The same menace that spreads malaria -- the mosquito bite -- could help wipe out the deadly disease, according to researchers working on a new vaccine at Tulane University.
The PATH Malaria Vaccine Initiative (MVI), established in 1999 through a grant from the Bill & Melinda Gates Foundation, announced February 15 a collaboration with Tulane University School of Public Health and Tropical Medicine and India's Gennova Biopharmaceuticals Ltd. to produce and test a novel vaccine that aims to inoculate mosquitoes when they bite people.
The vaccine would work by triggering an immune response in people so they produce antibodies that target a protein the malaria parasite needs to reproduce within a mosquito.

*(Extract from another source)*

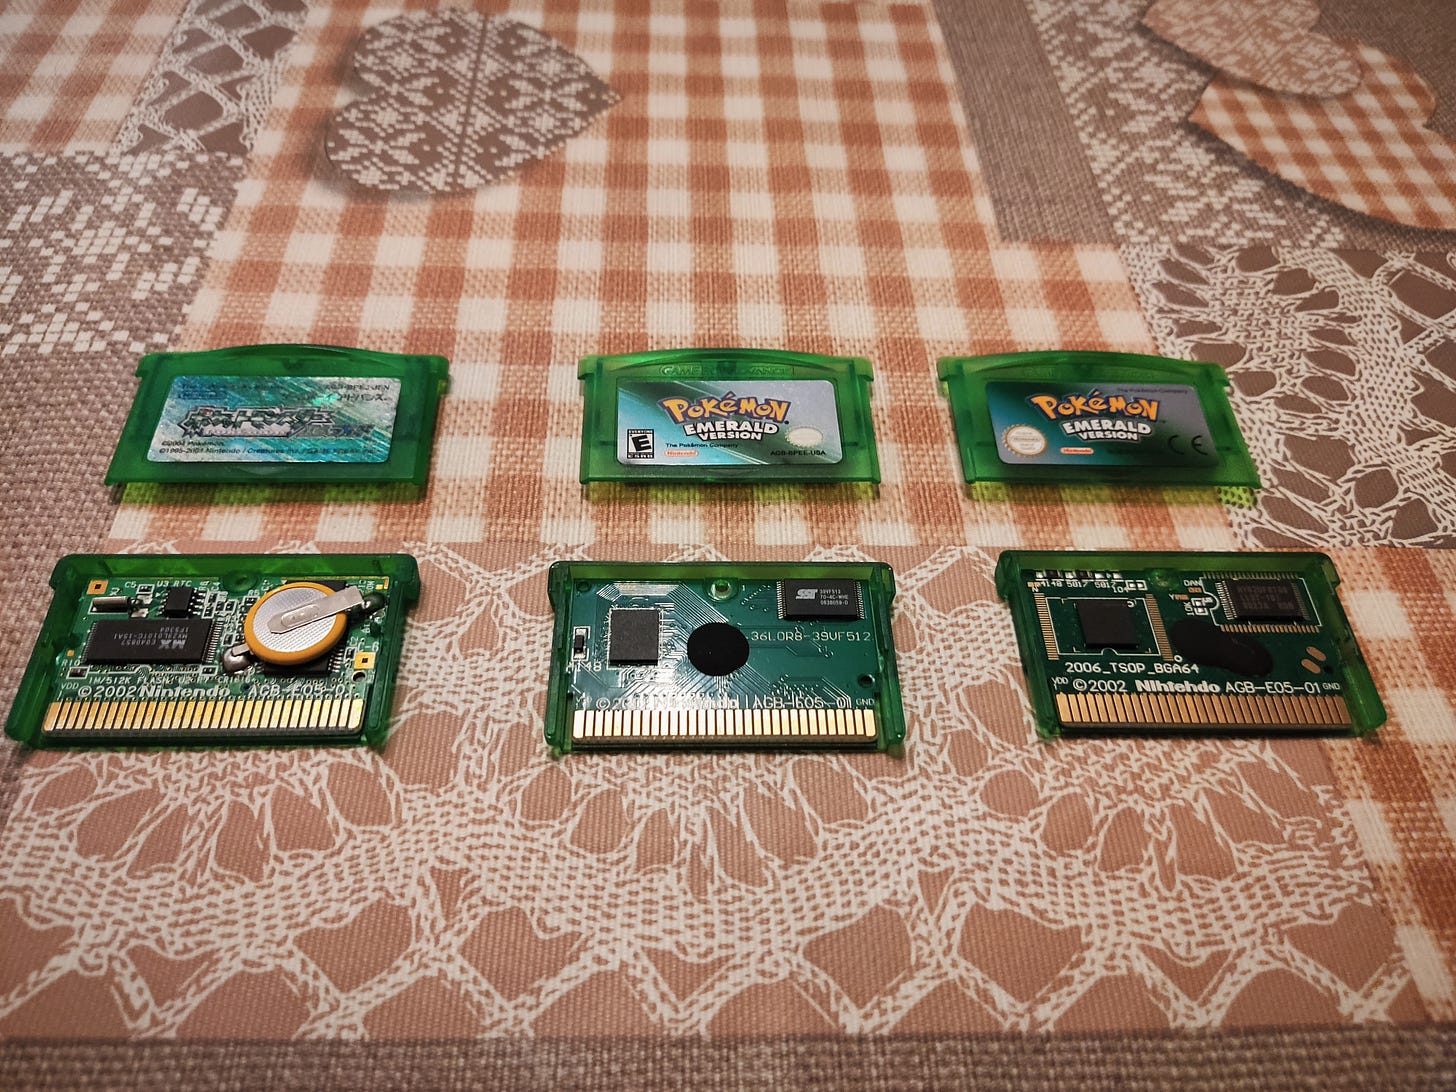 Copies of Pokémon Emerald. Left side is a genuine Japanese copy, centre is a reproduction, right side is also a reproduction (Photo credit: Lucent)

Malaria, which kills nearly 800,000 people every year worldwide, is caused by a microscopic parasite that alternates between human and mosquito hosts at various stages of its lifecycle. Once a mosquito bites a vaccinated person, the antibodies would neutralize the protein essential for malaria parasite's reproduction, effectively blocking the parasite's -- and the mosquito's -- ability to infect others.
The vaccine relies on a protein -- known as Pfs48/45 -- which is very difficult to synthetically produce, says Nirbhay Kumar, professor of tropical medicine at Tulane.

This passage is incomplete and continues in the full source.